Recently I have been trying to write some results to existing Google Sheet files and have found two quirks. I think probably by design but I thought I'd raise them as potential features / options to existing functions that can make life a bit easier for the user.

First: writing NULL columns as empty columns, not skipping them.

Let's say I have a tibble of list-columns something like:

tmp <- tibble(A = list(NULL, NULL, NULL), B = list(1, 2, 3))
tmp
# A tibble: 3 x 2
  A      B        
  <list> <list>   
1 <NULL> <dbl [1]>
2 <NULL> <dbl [1]>
3 <NULL> <dbl [1]>

When I write this to a sheet using (as far as I can tell) any of the writing functions, the NULL column just gets skipped rather than a blank column being written. This can mean columns get written in the wrong place - e.g. in the above example column B would be written in column A of the Google Sheet because column A would be ignored rather than a blank column being written. Yet a 3 x 2 sheet will result - just with the B column in the A position and a blank column at the end. If that makes sense?! So it's like write_sheet knows about the NULL column and makes space for it, but then doesn't actually write it.

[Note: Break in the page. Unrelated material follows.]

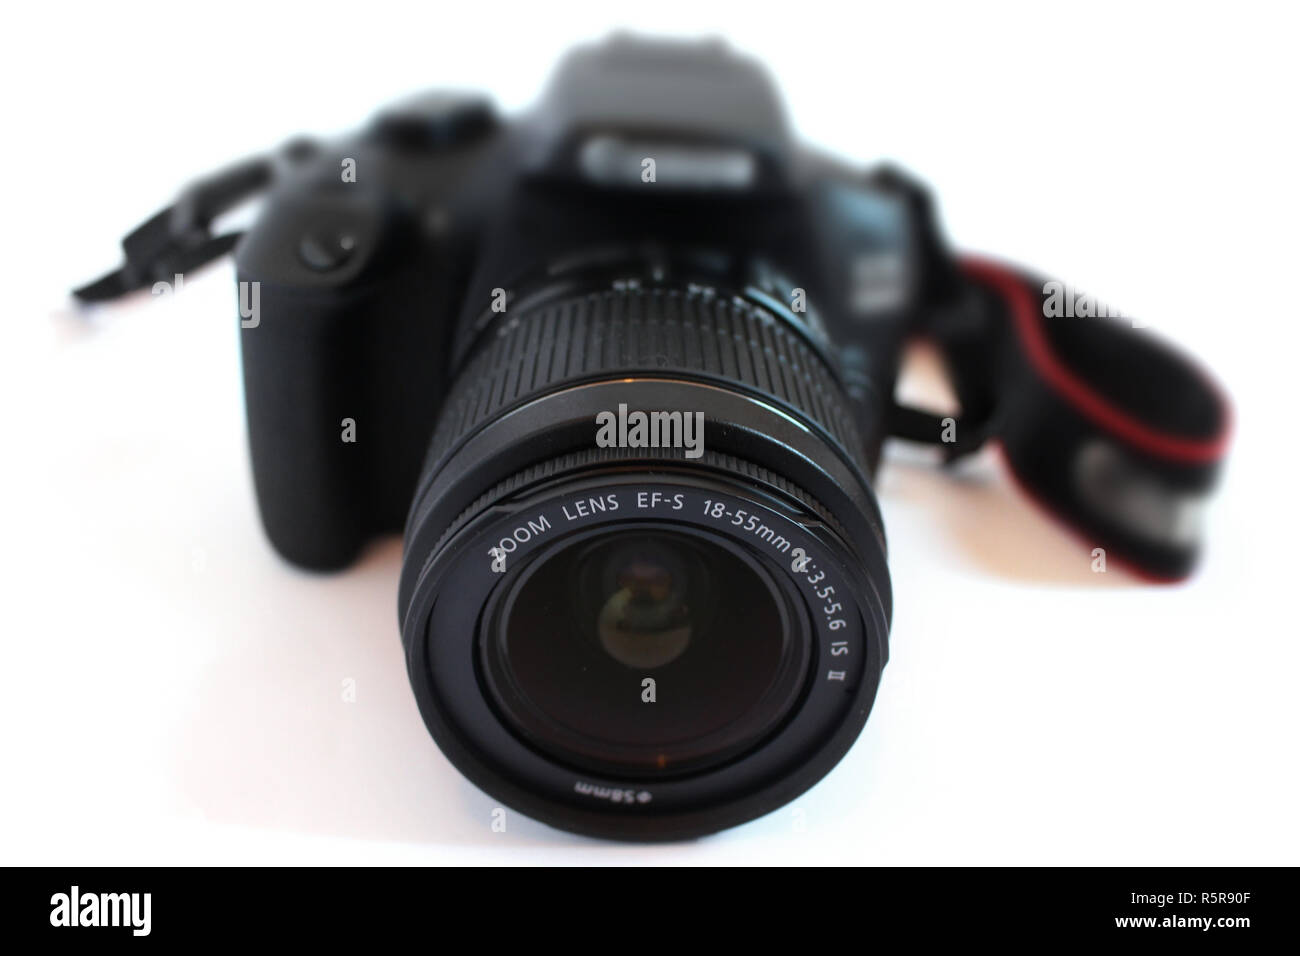 Camera black digital slr single lens reflex - Stock Image

Often I am reading in data with some empty columns (which get read in as a NULL column), doing some wrangling, and then writing to a new and/or existing sheet. It would be nice if the "round-trip" was symmetrical in the sense that empty columns get read in as NULL and NULL columns get written as empty columns. Currently I have to force coercion to character when reading with col_types = 'c' and then use mutate(across(everything(), as.list)) to coerce everything back into list columns - then the NULL columns become character columns of NA, which get written as blank values as intended.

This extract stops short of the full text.